As can be seen from the results:

/ BBB (CCC)/ matches the CCC subgroup and extracts the subgroup because the default subgroup is captured.

/bbb(? : CCC)/ matched the subgroup of CCC but did not extract it because we passed? : Indicates that subgroups are not captured.

/bbb(? = CCC)/ No subgroup is extracted from the matched CCC subgroup, indicating that it is also non-captured. And it? The difference is that CCC does not appear in the matching result.

This is the nature of a lookahead assertion: a lookahead assertion represents a string that is preceded by a subgroup that is not captured, and the asserted string does not appear in the match result.

It does not match if it is not followed by that string:

/bbb(? ! ccc)/

The? = change to? ! Then the meaning changes. Look at the AST:

Assertion of lookahead assertion, but with negative true.

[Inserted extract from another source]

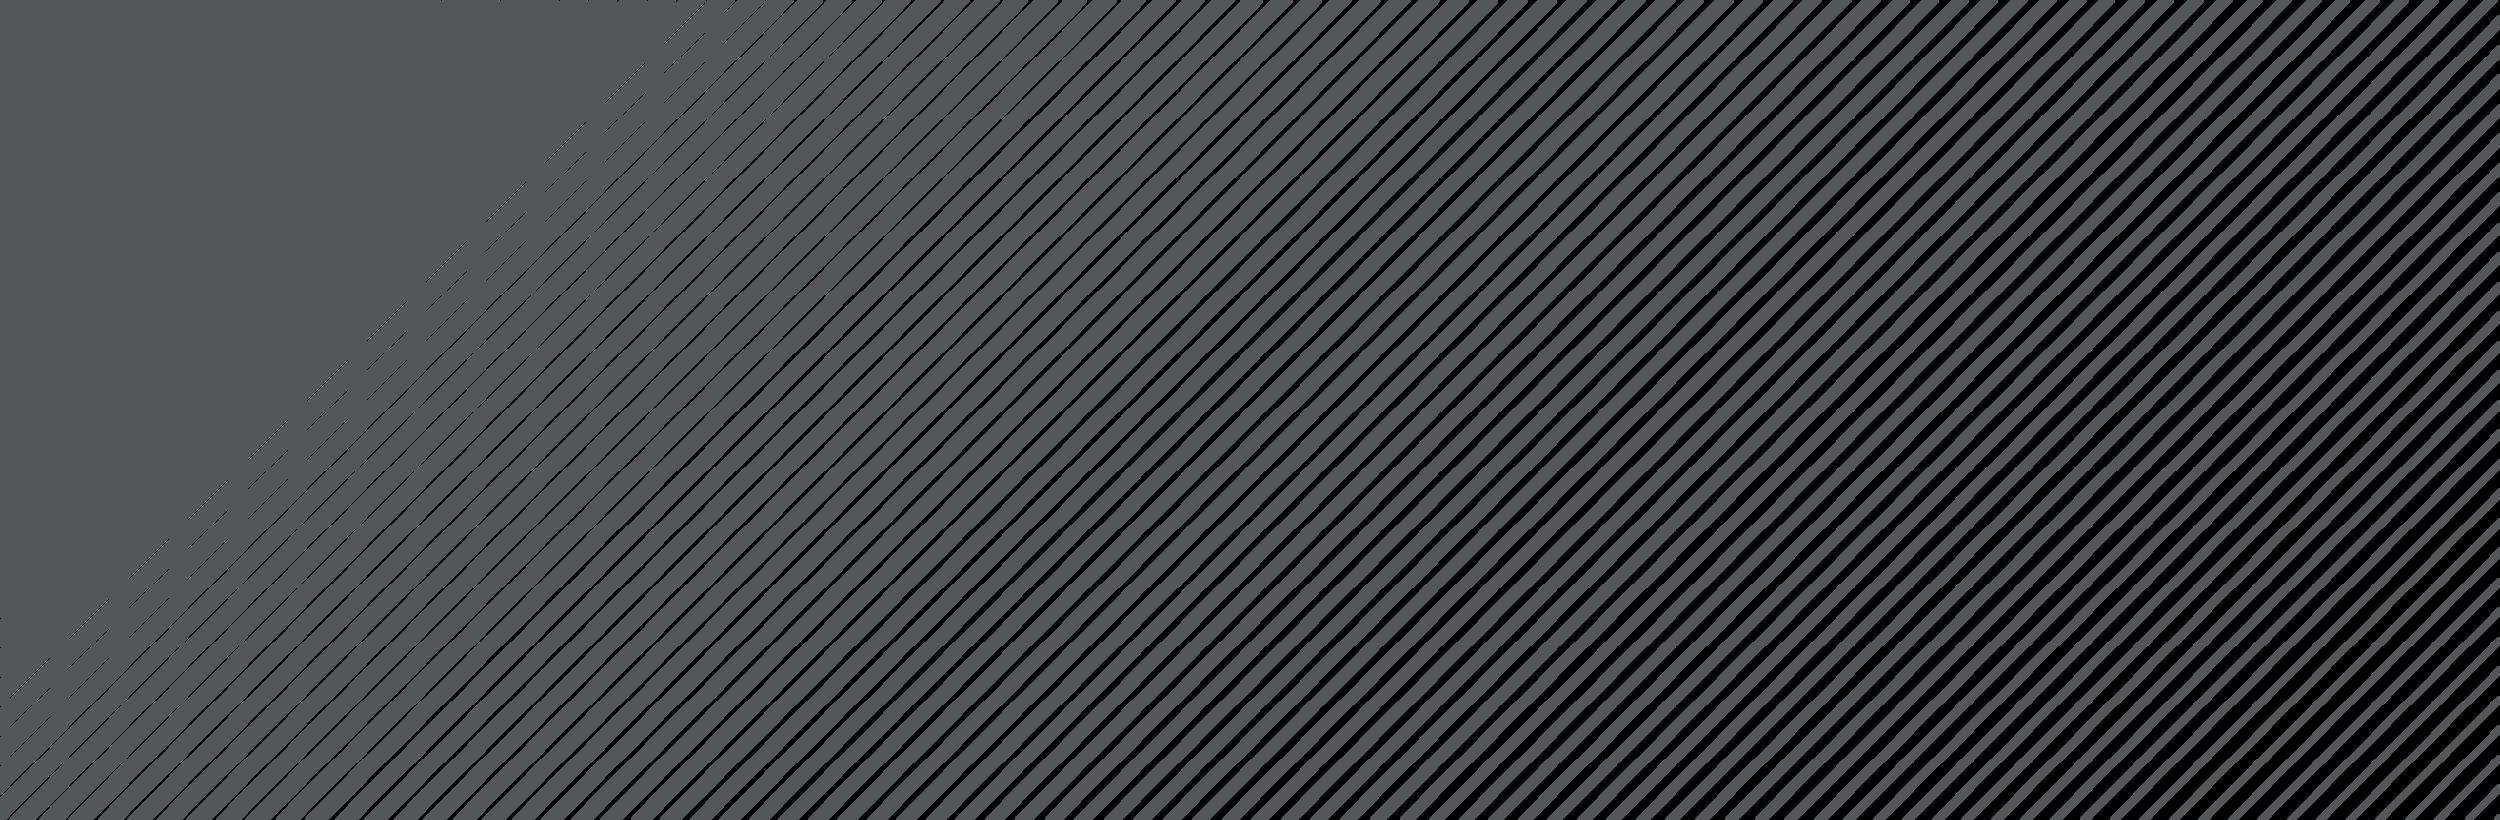 Evolving Hash Pattern

It’s not a string, it’s not a string.

The matching result is reversed:

Now it matches if it’s not preceded by some string, which is a negation-prior assertion.

/ (? <=aaa)bbb/

There is a prior assertion and there is a subsequent assertion, that is, some string is followed by a match.

In the same way, it can also be denied:

(? <=aaa) is a lookbehind assertion:

(? <! Aaa) for AST, add a negative attribute:

Assertion before assertion after assertion is one of the most difficult regular expression syntax to understand

conclusion

Regular expressions are a very convenient tool for handling strings, but it is difficult to learn, such as greedy matching, non-greedy matching, capture subgroup, non-capture subgroup, predicate first, predicate after many people are not clear about the syntax.

I recommend using the AST to learn about regex. The AST is a tree of objects organized in syntactic structures that can be easily clarified by the names and attributes of the AST nodes.

For example, we made it clear through AST:

The Repetition syntax is the form of a character + quantifier, defaulting to greedy (true), which means you match until you don’t, followed by? It switches to a non-greedy match and stops at one character.

Subgroup syntax (Group syntax) is used to extract strings. The default is capture (true). : XXX) switches to non-capture, match only but not extract.

An Assertion is a string of characters preceded or followed by a lookahead Assertion and a lookbehind Assertion. = XXX) and (? <= XXX), can be done by replacing = with! To say negative, which means the other way around.

Is the syntax well understood by the various documents or by the compiler?

It must be the compiler!

It’s better to learn syntax from the syntax tree that syntax parse produces than from documentation.

This is true of regular expressions, but it is also true of other syntax learning. You can learn the syntax with AST without having to look at the documentation.